BELTON — Third grade students from Leon Heights Elementary along with staff and their Adopt-A-School unit, 2nd Battalion, 5th Cavalry Regiment, 1st Brigade Combat Team, 1st Cavalry Division, joined together to beautify the school’s courtyard and garden.

Kristie Blattner, third grade teacher, led the collaborative effort to make the overgrown and neglected green space aesthetically pleasing and educationally interactive.

“A school garden is a great way to educate students on the importance of environmental and community stewardship,” Blattner said. “In this process, the students have become engaged and aware of the impact they have on the environment and school culture.”

Students, staff and Soldiers from 2-5 Cav., 1st  BCT, collectively volunteered 72 hours pulling weeds, removing and transplanting plants, planting new flowers and creating a salsa garden with tomatoes, bell peppers and onions.

“It was really messy, but then when we started fixing it. Now we can enjoy the gardens and see what’s in them,” Brady Skaggs, a third grader, said. “We got to have fun with the Army people and help out the environment.”

Their hard work earned Leon Heights Elementary recognition, by Fort Hood, Killeen and Copperas Cove representatives from the Cen-Tex Sustainable Communities Partnership and the School Liaison Office Adopt-A-School Program, as  the winner of the School Beautification Challenge and $200 grand prize award at a ceremony May 21.

“We appreciate the partnership with Fort Hood and the community, and are proud of Leon Heights Elementary and all the students that participated,” Dr.
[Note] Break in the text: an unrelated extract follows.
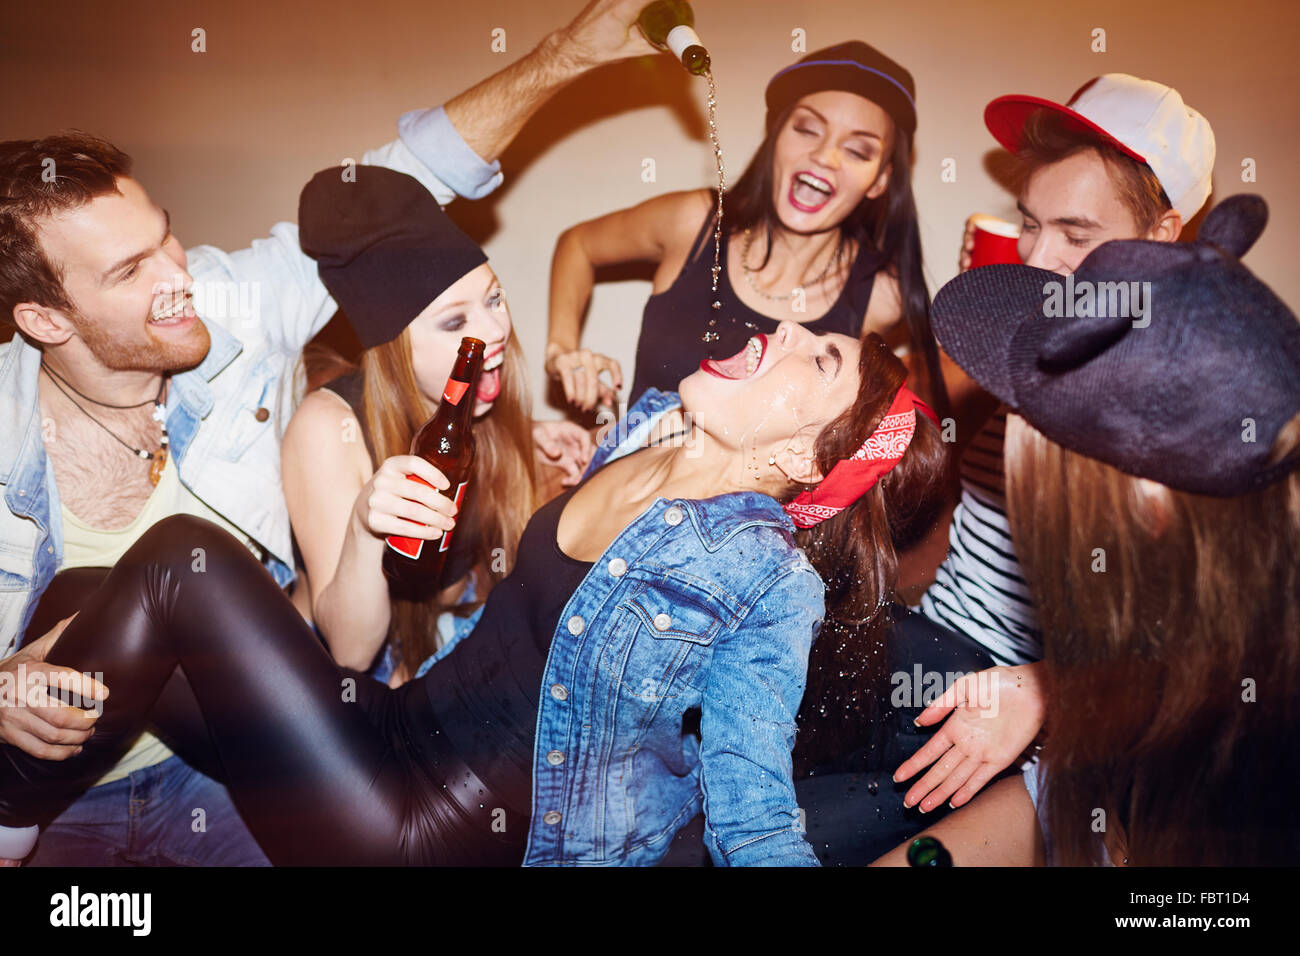 Amis extatique servir la bière dans la bouche de fille au parti swag Photo Stock

Susan Kincannon, superintendent, Belton Independent School District, said. “It’s a great opportunity for our kids to get to learn a little bit of science, have a place they can go out and read and enjoy nature.”

The beautification challenge is one of the many initiatives of the Youth Environmental Ambassadors! Program that promotes community service and sustainability in schools within the Greater Fort Hood Area.

“These community service initiatives allow Soldiers the opportunity to get to know the community they serve,” 2nd Lt. Robert Lindley, Adopt-A-School unit representative, 2-5 Cav., 1st BCT, said. “The Lancers hope to provide students at Leon Heights pride in their community and a passion to help others.

“It was nice to have the Soldiers here,” Lillie Cook, a third grader, said. “It made me feel good to know that we make the garden so beautiful and the world a better place.”

Lt. Col. Neil Hollenbeck, commander, 2-5 Cav., 1st BCT, explained how the Adopt-A-School program adds value and mutual benefits to both the students and Soldiers.

“When you are engaged in the day to day grind of making a combat unit ready to fight and keeping it ready to fight, you can sometimes forget where you came from and what it was like to be a kid,” Hollenbeck said. “Putting Soldiers directly in contact with the people they’re protecting, helps them to come back to work with a different mindset. It reminds us why we do, what we do.”

Although helping the school is important, Blattner sees the unit and school relationship as a chance to inspire and support each other.

 “The unit has had such an active role in our school and community this year that the kids look forward to seeing the Soldiers and doing things with them,” Blattner said. “It is important for our students and our Soldiers to know that they are not alone and we are in it together.”